Additionally, ‘The Distributed Futures’ research program, a group researching AI, cryptocurrencies and blockchain, has announced a project called “The Quantum Countdown: Quantum Computing And The Future Of Distributed Ledger Encryption” to help secure encryption algorithm strength against future quantum machines.
Future Use Cases for Blockchain
Although many of its potential uses are forwarding-looking at the moment, blockchain infrastructure is being considered for purposes ranging from GeneCoins to Brain DAOs…
DAO – Mentioned briefly above, ‘decentralized autonomous organization’ functionality is already supported by Ethereum and is essentially an organization that runs by rules encoded as computer programs called smart contracts which can be maintained on a blockchain. Smart contracts are software-based transaction protocols that negotiate, verify and execute agreements autonomously.
In the context of a DAO, a blockchain is meant to serve as a leaderless group of people authorized to act as a single economic entity through the execution of smart contracts via hardcoded rules that are digitally enforced. Participants in a DAO can vote on the direction of the organization as a ‘digital democracy’ where they can contribute to group decisions about adding or changing rules, removing a participant or funding a project as a crowdsourcing vehicle.

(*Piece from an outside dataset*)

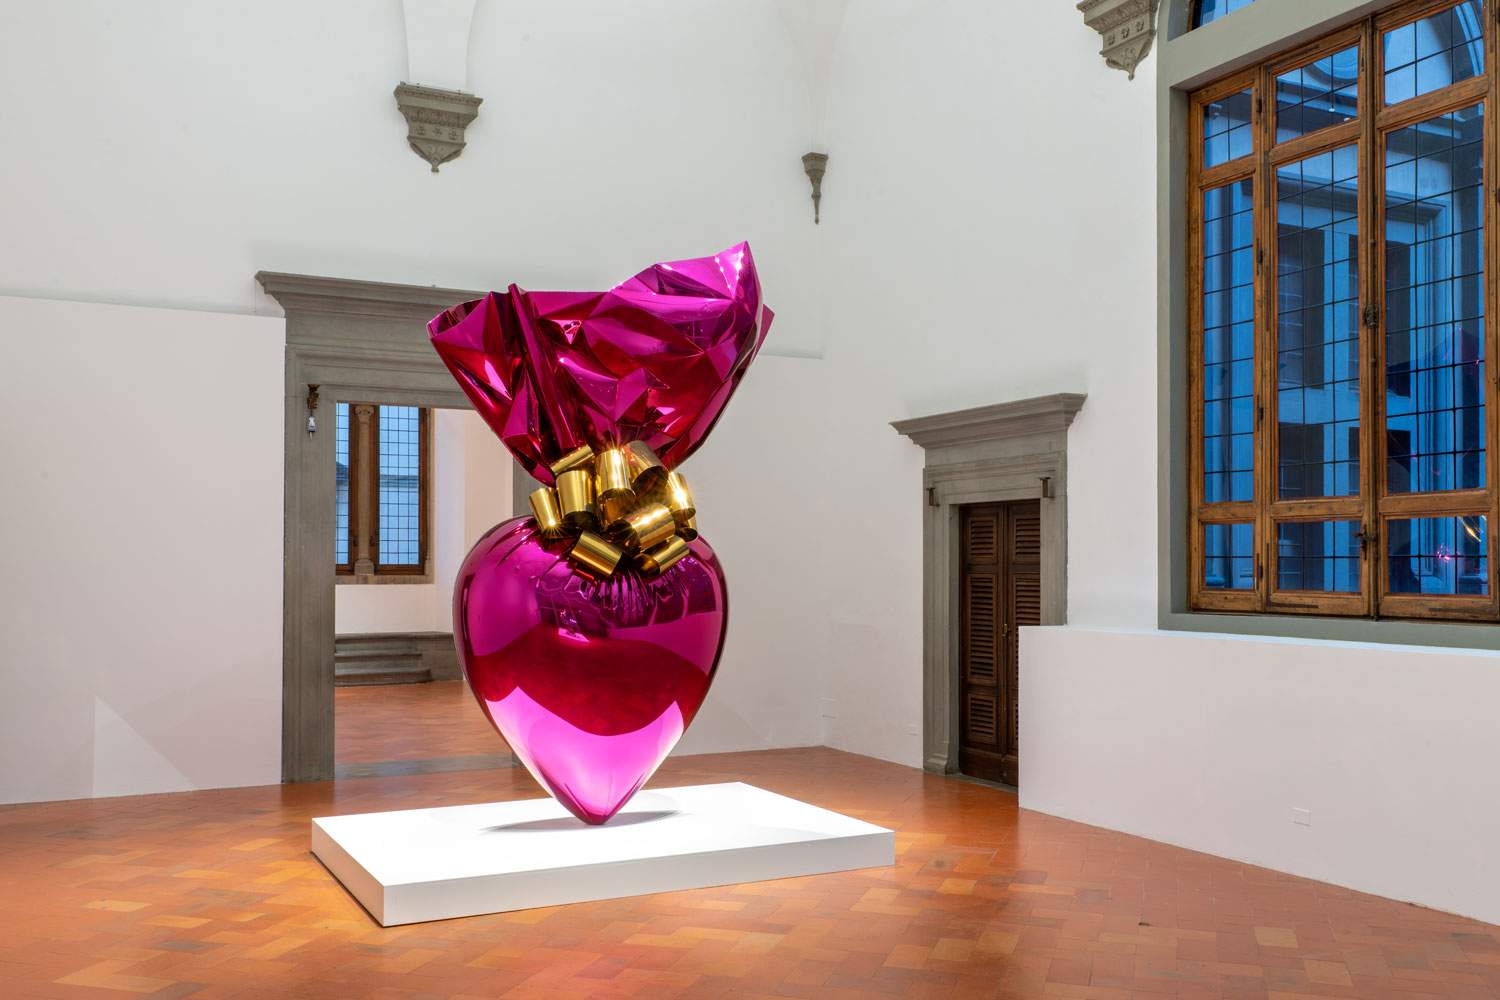 Florence, Jeff Koons exhibition begins at Palazzo Strozzi

IoT – Securing the ever-increasing numbers of connected devices has become a concern for the technology industry as it approaches the ‘Internet of Things’ era. Security is tantamount for exchanging high-value data between IoT devices, especially if a global rollout is to be successful, and the worry of botnet attacks involving millions of compromised IoT devices has prompted a search for potentially wide-reaching solutions.

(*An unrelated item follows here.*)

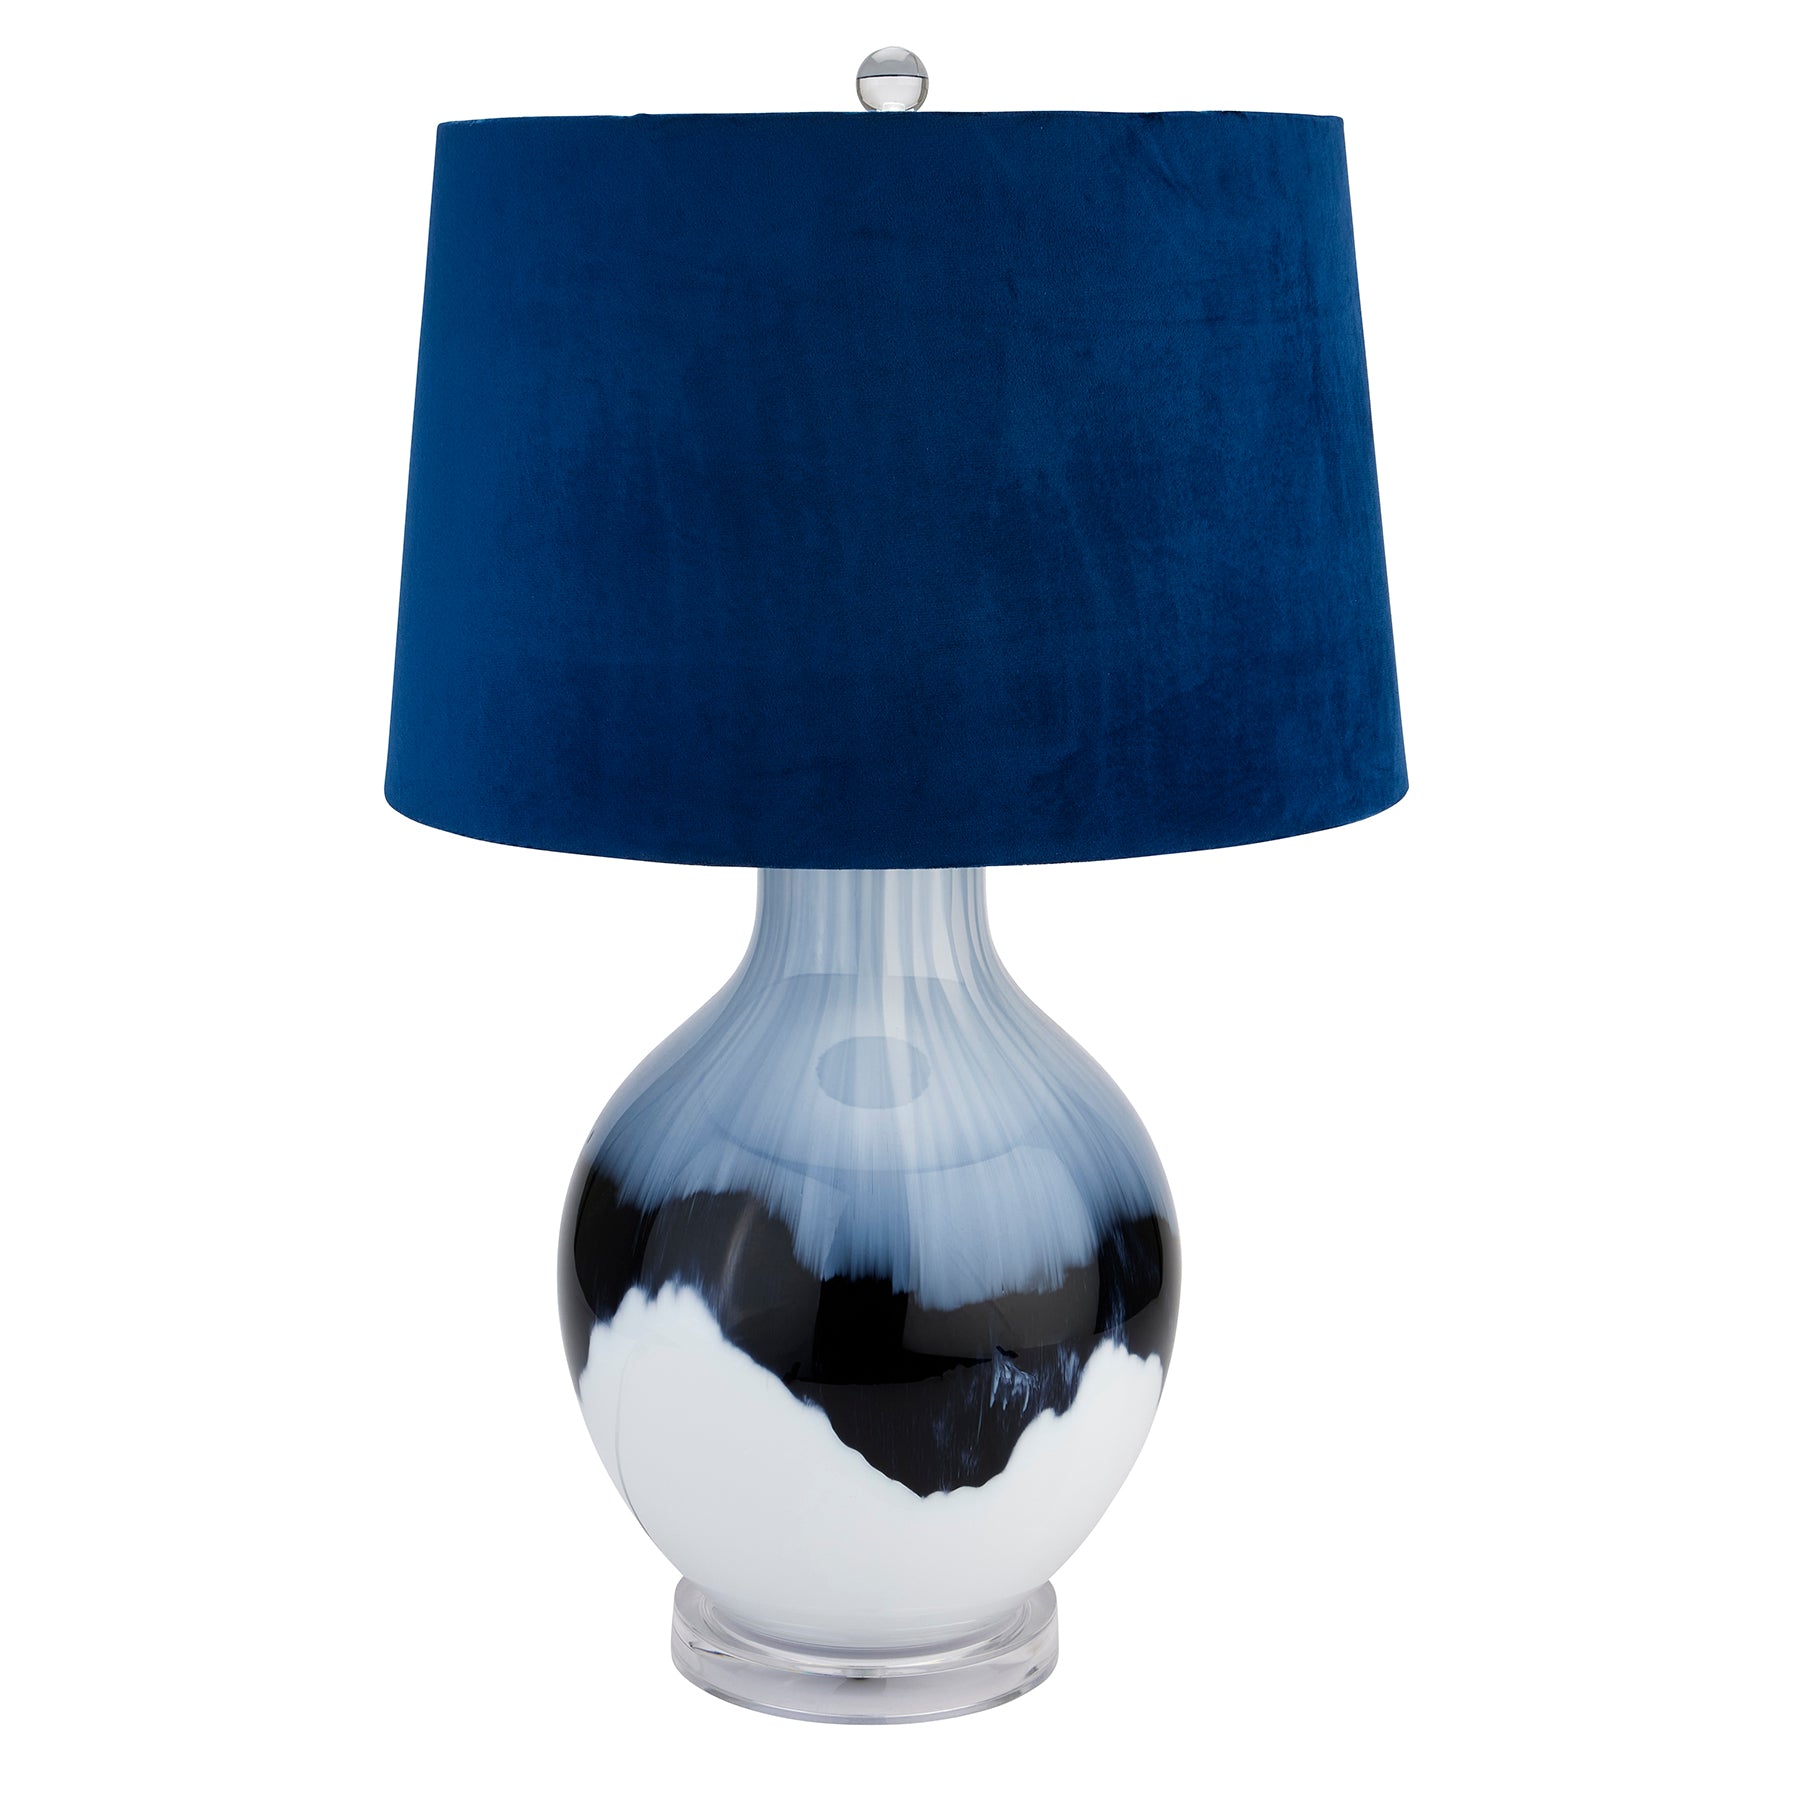 View Ice Shadows Table Lamp With Navy Blue Lampshade information

Adding blockchain as a foundational element of IoT is looking to be the fix everyone has been waiting for: natively encrypted transactions, a distributed architecture and consensus-verified data blocks make blockchain an attractive option for securing transactions between IoT devices.
Genecoins – To borrow text from the theoretical whitepaper Meet Genecoin: The Bioeconomy Currency… “Think of [Genecoins] as your robot friends that encode your genetic material on new networks as they develop. Similar to the way that Google discovers new websites, we’ll be able to jump from chain to chain. Our aim is to turn Genecoin into a Decentralized Autonomous Organization that preserves your genetic material indefinitely.”
Brain DAOs – Other papers propose the concept of using blockchain to store the digitized contents of human brains in “mindfiles,” which may be aided by advancements in optogenetic brain mapping. Mindfiles could open the door to possibilities such as versioning and backups of your memories, the ability to explore other peoples’ mindfiles, and ideas such as organizing mindfiles into a DAO/DAC (distributed autonomous corporation) and creating self-mining brain ecologies. Developments in this area would likewise aid artificial intelligence and the integration of man and machine.
AI – The combination of AI, 5G, IoT and blockchain would provide the ability to extract intelligence from a global ecosystem of always-connected sensors, with real-time tracking and documentation of everything that happens to a package or pallet along the supply chain.
Companies are working on solutions where this technology could be used for tracking fresh food from the grower to grocer (reducing waste and costs), documenting inspections, and recording the chain of custody through time-stamped blockchain transactions. With the addition of technologies such as AI, blockchain could be the solution to creating a worldwide distributed asset and records management system.
Someday, you might be able to monetize home devices or wearable IoT sensor data by selling data feed subscriptions in a trusted transaction between you and an organization paying for the data through a blockchain. Selling your real-time IoT data streams such as shopping habits or biostats could become commonplace.